Role Overview:
We are seeking a motivated and detail-oriented Vulnerability Management Engineer to join our Information Security team. This role is responsible for executing key functions across the vulnerability management lifecycle - from discovery and assessment to remediation tracking and reporting - to enhance the organization's overall security posture.
This is an entry-level role designed for candidates looking to build hands-on experience in vulnerability management, working closely with senior security engineers, IT teams, and product teams.
Key Responsibilities
Vulnerability Discovery and Assessment
Execute and monitor periodic vulnerability scans across internal infrastructure and cloud platforms.
Conduct periodic scans to support compliance requirements.
Perform External Attack Surface Assessments on internet-facing assets.
Assist in validating scan results and identifying false positives.
Analysis, Prioritization, and Reporting
Analyze Vulnerability scan results to identify security gaps and potential threats.
Prioritise Vulnerability scan report based on risk severity and business impact.
Report findings to asset owners and relevant stakeholders for timely remediation.
Remediation and Tracking
Collaborate with IT, System Administrators, and Product Teams to ensure vulnerabilities are remediated within defined Service Level Agreements (SLAs).

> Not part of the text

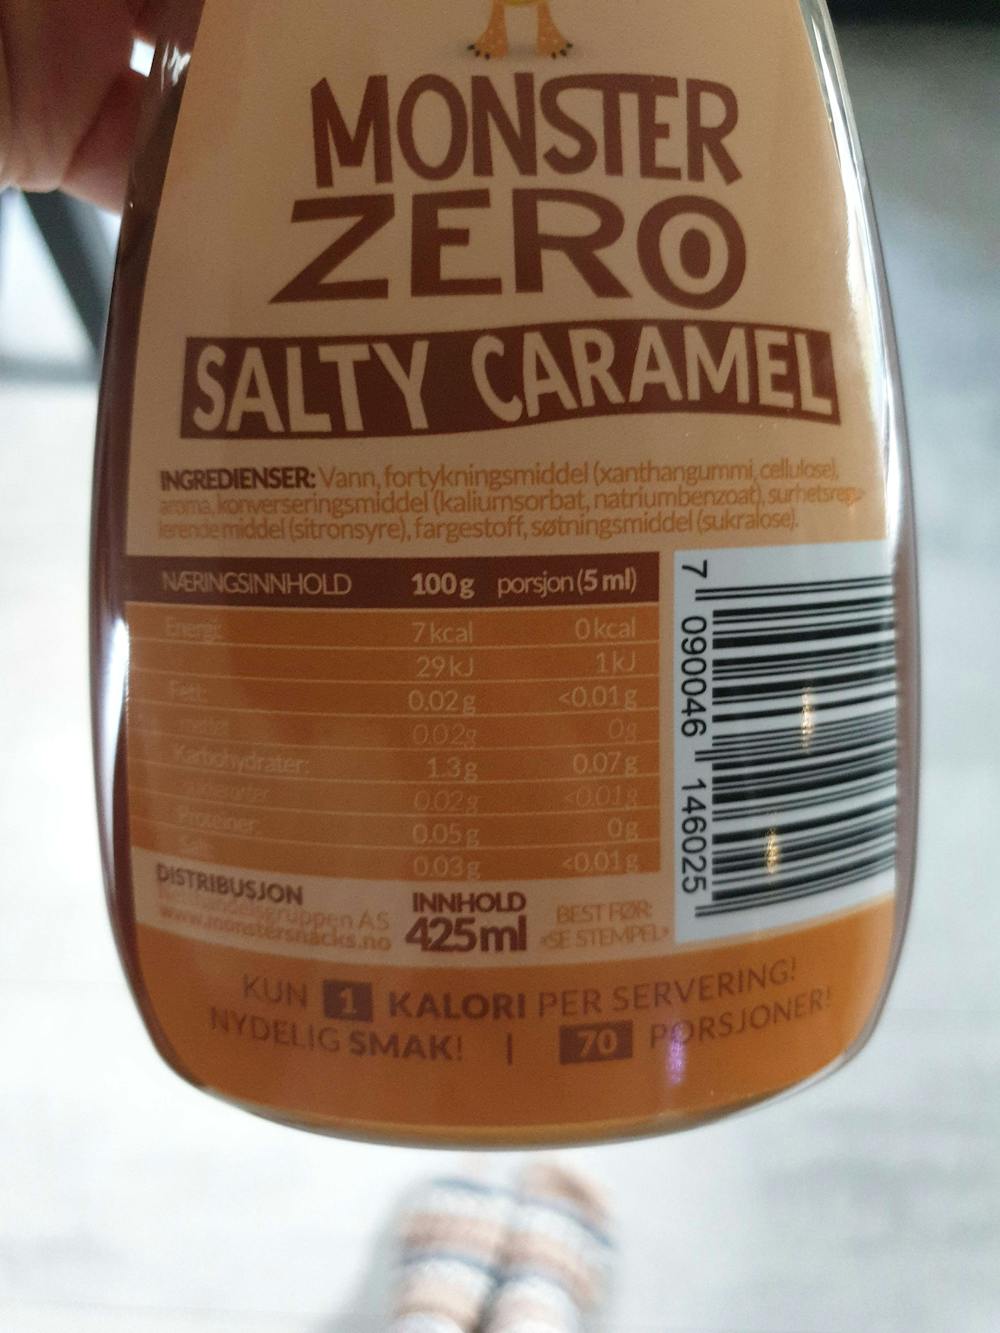 Ingrediensliste - Monster zero salty caramel, Monster snacks

Track remediation progress and follow up on outstanding vulnerabilities.
Support implementation of mitigation strategies where immediate remediation is not possible.
Risk Management
Assist in performing risk assessments related to identified vulnerabilities.
Support documentation of risks and contribute to mitigation planning.
Maintain awareness of evolving risk posture across systems.
Security Tools and Technologies
Support the operation and maintenance of vulnerability management tools.
Assist in scan configuration, execution, result interpretation and reporting.
Compliance and Standards
Support vulnerability management activities aligned with standards such as PCI-DSS, ISO 27001, and NIST.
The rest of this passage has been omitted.